Linn da Quebrada não está sozinha. É uma das vozes (uma das mais fortes) de um movimento crescente e entusiasmante na música brasileira protagonizado por mulheres e pessoas não-binárias. A ela juntam-se nomes como As Bahias e A Cozinha Mineira, com quem fez a canção Absolutas, Letrux, Luedji Luna, Xênia França ou mesmo Liniker, Gloria Groove e a veterana Mulher Pepita, que participam em Pajubá. Segundo Linn, a Internet abriu para caminho para este levantamento. “Circulamos uma informação que antes estava represada”, afirma, lembrando que nada disto seria a mesma coisa sem as pioneiras que foram preparando terreno, como a cantora e militante trans Claudia Wonder (1955-2010).
“Sinto que o que eu tenho feito, de certa forma, é tráfico: tráfico de informações, fazer com que esse conteúdo circule e não só informe, mas forme outros corpos, outros desejos, outras relações que antes nos eram negadas”, assinala a performer. “Essa representação tem um papel muito importante na formação dos nossos corpos, por isso nós percebemos uma influência cis-hétero-normativa tão grande sobre nós e agora temos a possibilidade de formatar e produzir outros afectos também em relação a nós.” Contudo, não nos podemos ficar pela questão da representação, alerta Linn. A visibilidade e o debate têm de virar acção. “Mesmo que tenhamos todas essas pessoas celebrando a nossa existência dentro da música, ainda continua a haver milhares de pessoas que vivem sob situações de risco. É justamente por isso que temos de continuar a fazer esse trabalho e extrapolar, ir além do limite da representação.”

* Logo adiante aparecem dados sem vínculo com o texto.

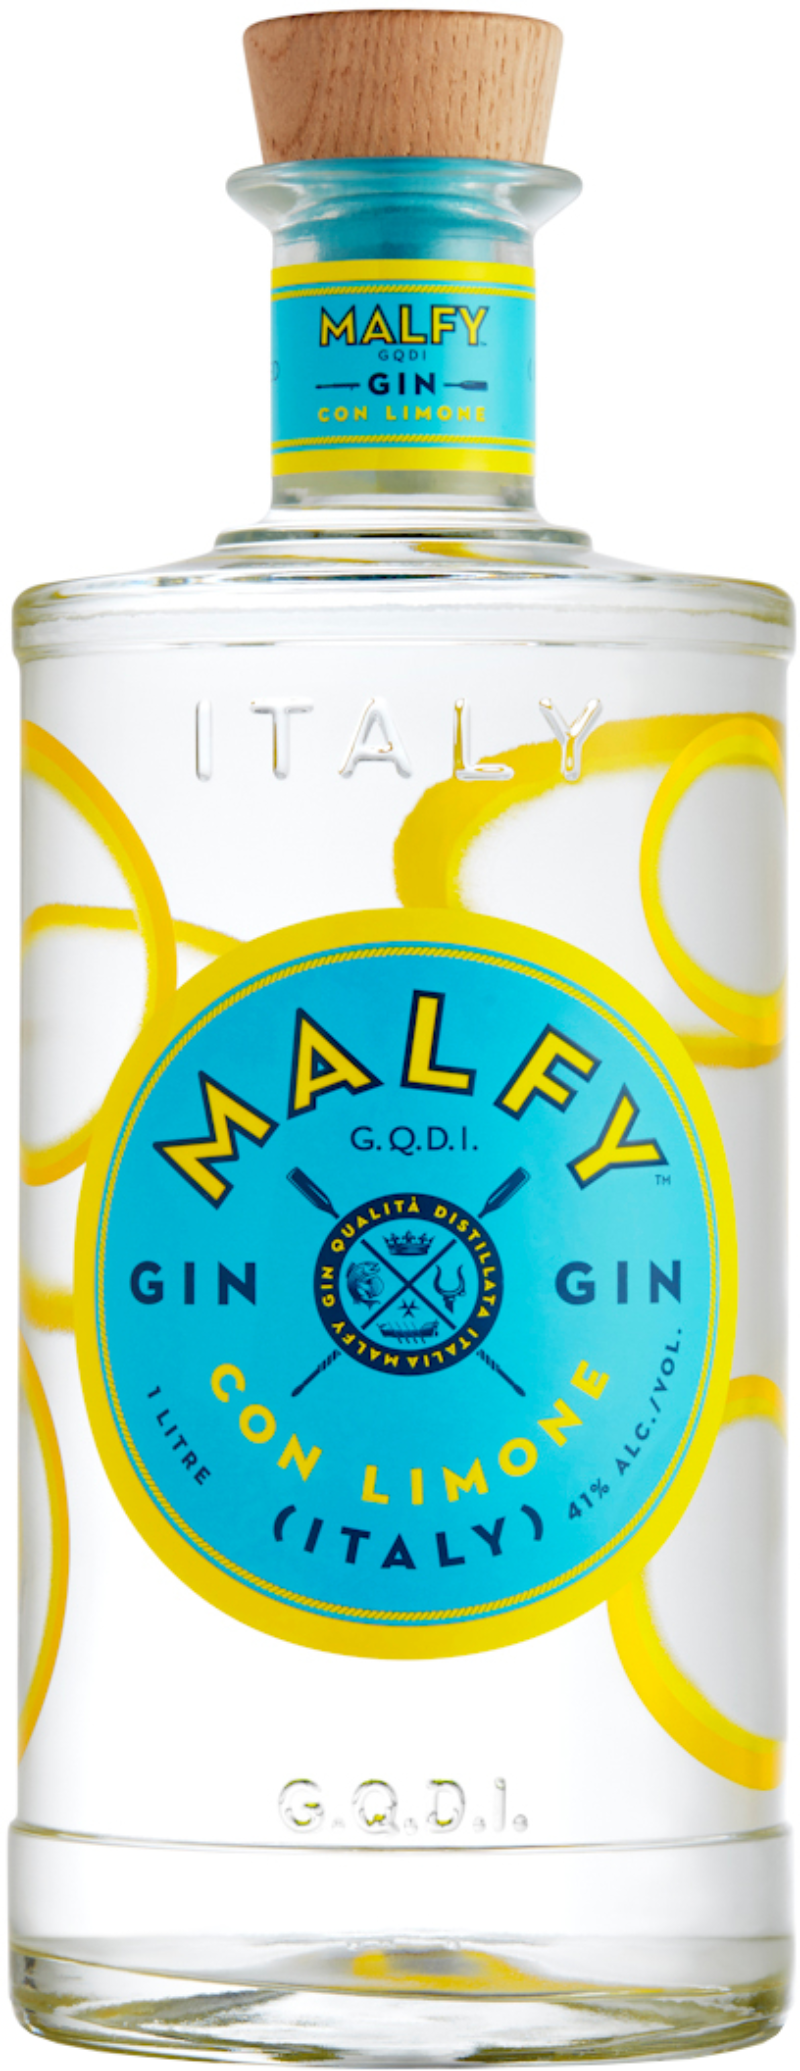 Con Gin cl Limone 100 41% Malfy vol -

Esta postura reflecte a tensão política, social e cultural que se vive actualmente no Brasil. Por um lado, o activismo trans e feminista é cada vez mais intenso e audível, e está também intimamente ligado aos protestos anti-Temer. Por outro lado, a taxa de crimes de ódio contra pessoas LGBTI continua altíssima, e tanto a misoginia como a transfobia e a homofobia são legitimadas e promovidas pelo governo conservador de Michel Temer. “Essa situação de tensão e violência em relação a alguns corpos marginais e desobedientes, que fogem a um padrão estabelecido, sempre existiu; a questão é que agora está ficando cada vez mais evidente uma situação de confronto em relação a esses corpos”, observa Linn. “É nítido que as nossas acções e as nossas escolhas geram efeitos.” Nesse sentido, a cantora acredita que este pode ser um momento de mudança no Brasil. “Esta crise revela a nossa resistência. Revela um confronto político, um confronto de ideias e exige um posicionamento.”

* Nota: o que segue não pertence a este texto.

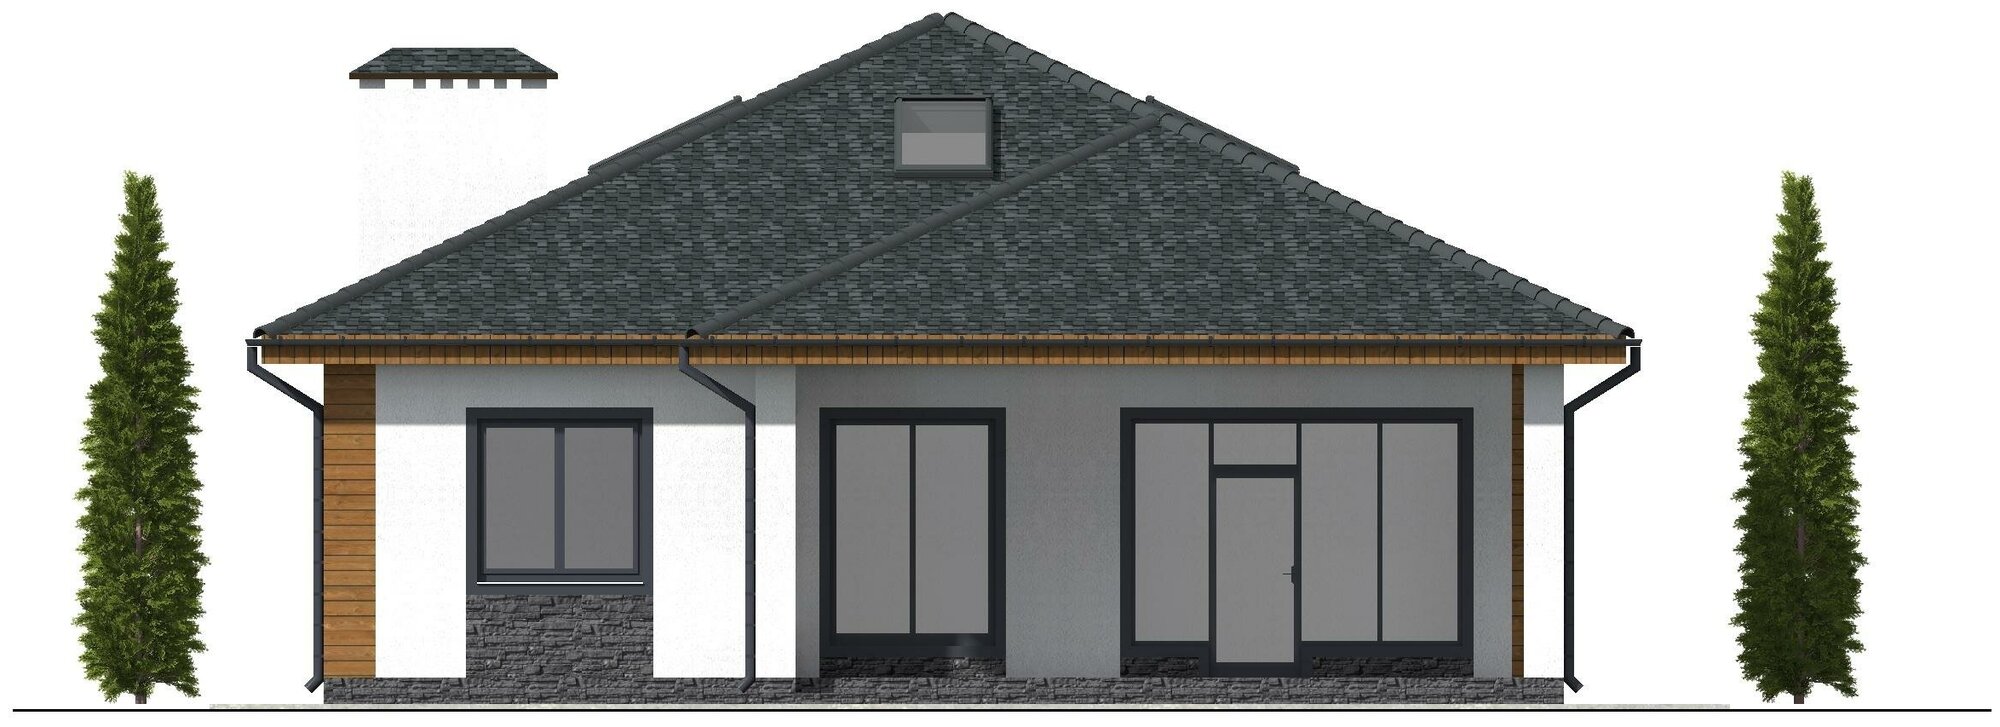 Готовый проект одноэтажного дома без гаража из газобетонного блока с облицовкой из фасадных панелей площадью 151,2 кв.м - фотография № 9

Para Linn da Quebrada, muita desta violência está relacionada não só com dinâmicas de exercício do poder patriarcal, mas também com uma política institucionalizada de fobias que cultiva nos indivíduos o medo de encarar e desejar corpos fora da norma. “Tenho pensado muito a respeito desse sistema que cria em nós medos e fobias em relação a corpos desobedientes, fazendo assim negar essa diferença a tal ponto que se prefere matar toda a diferença de existência. Para que assim não seja preciso encarar em si a possibilidade do desejo.”
Esses temas são abordados em várias canções de Pajubá: desde o homem que só quer ter sexo com mulheres trans às escondidas (“Não adianta pedir/ Que eu não vou te chupar escondida no banheiro”, ouve-se em Talento), à masculinidade tóxica (“Tenho pena de você/ Com o pau apontado para a própria cabeça/ Refém da sua frágil masculinidade”, canta ela em Transudo). À boleia de um baile funk suculento e bem lambuzado com referências sexuais, Linn versa abertamente e libertariamente sobre sexualidades, desejos e as várias feminilidades possíveis. Porque isso também significa “cultivar um amor pelos corpos que não estão nas capas das revistas, que não estão ocupando os espaços de protagonismo na televisão, no cinema e nos livros.” E os concertos são espaços privilegiados para estabelecer esses afectos e diálogos, diz.
Na ZBD, num concerto com primeira parte de Conan Osiris, um dos novos hypes da música portuguesa, e com um DJ set de Mykki Blanco e Jagër no final, Linn da Quebrada vai mostrar, acompanhada pela amiga Jup do Bairro, porque é que precisamos de a ouvir.